Project description:BACKGROUND:Alport Syndrome (AS) is a progressive hereditary glomerular disease. It is often accompanied by sensorineural hearing loss and ocular abnormalities and can sometimes develop into end stage renal disease (ESRD), which is caused by mutations in the genes encoding the collagen type IV family of proteins. METHODS:This study analyzed the association between the clinical data of seven AS families and genes and the disease progression of different mutation types, including COL4A3 (OMIM 120070)?COL4A4 (OMIM 120131), and COL4A5 (OMIM303630). RESULTS:A total of six new pathogenic mutation sites, one complex heterozygous mutation at COL4A3, and a combined mutation of COL4A5 and INF2 (OMIM 610982) were identified in this study.

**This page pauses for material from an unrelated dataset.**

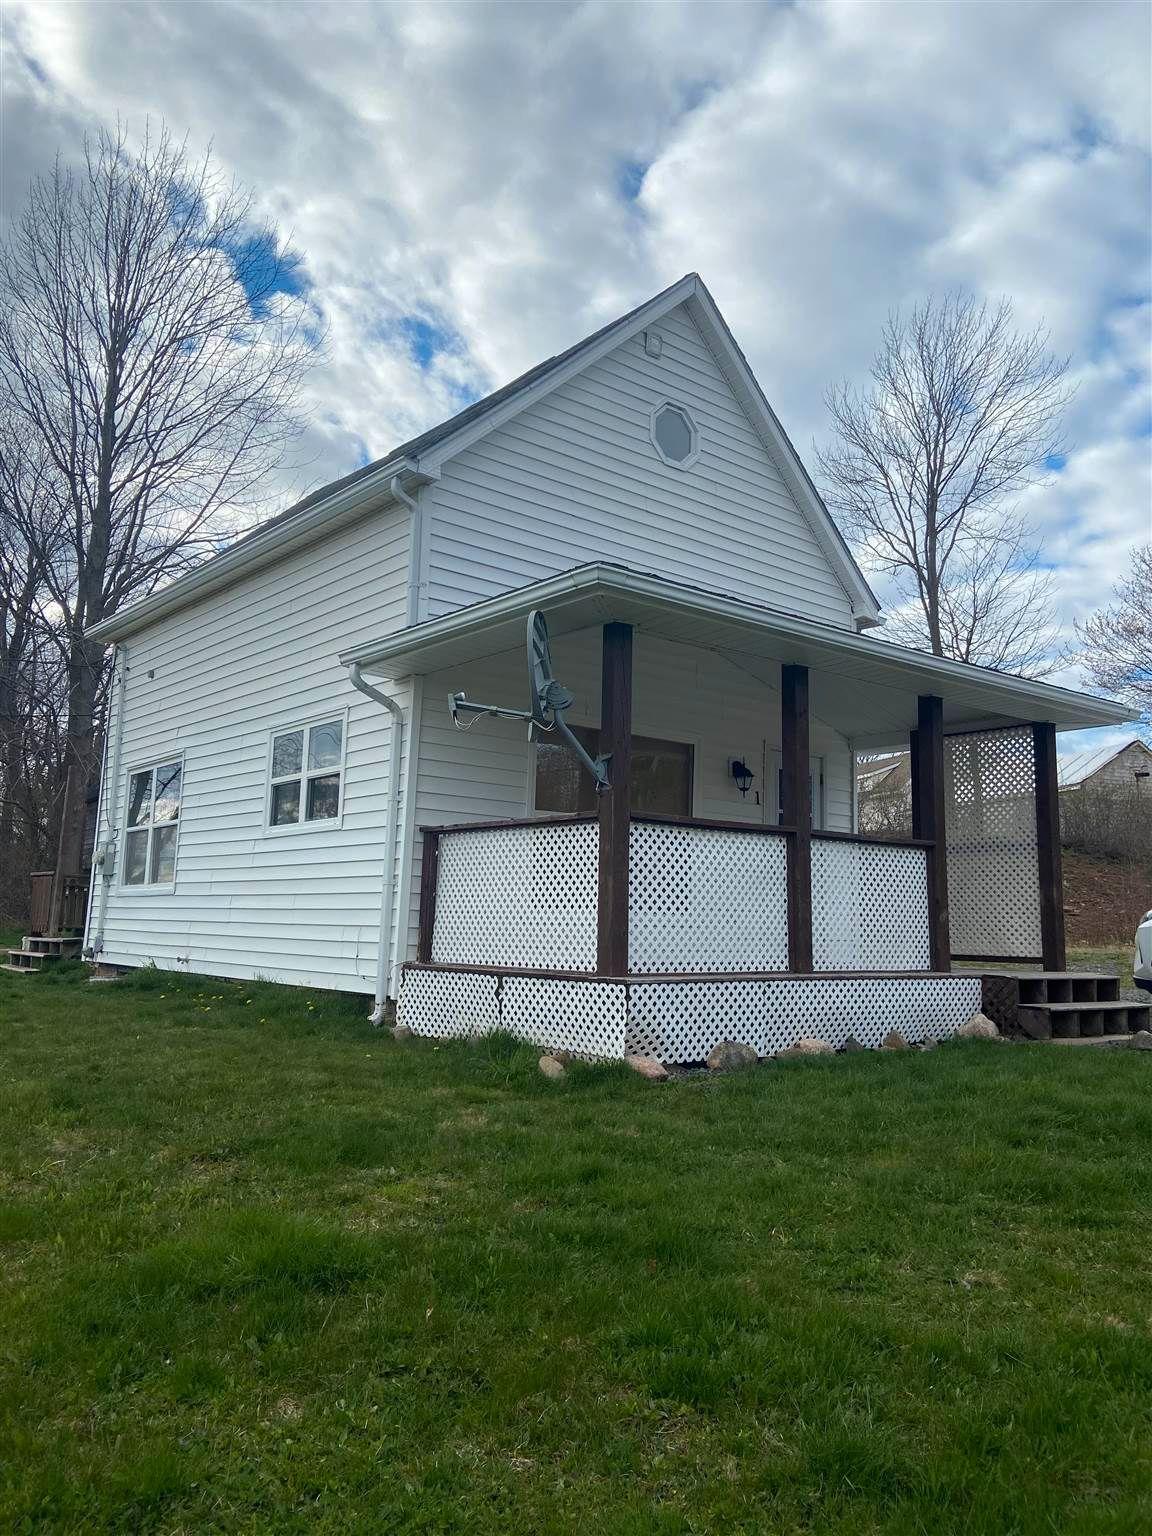 Main Photo: 1 Fourth Street in Trenton: 107-Trenton,Westville,Pictou Residential for sale (Northern Region)  : MLS®# 202110429

It was revealed that the clinical manifestations of X-linked AS caused by mutations in the COL4A5 gene were more severe in males than in females. In addition, the difference in patient phenotype can be attributed to the location of gene mutations affecting the protein domain or functional domain. Our data suggested that the gene deletion and nonsense mutations had a high risk for progression to ESRD. CONCLUSION:Our results revealed the spectrum of type IV collagen genes, which contribute to the enrichment of database resources and has important implications in the diagnosis, prognosis, and guiding treatment of AS.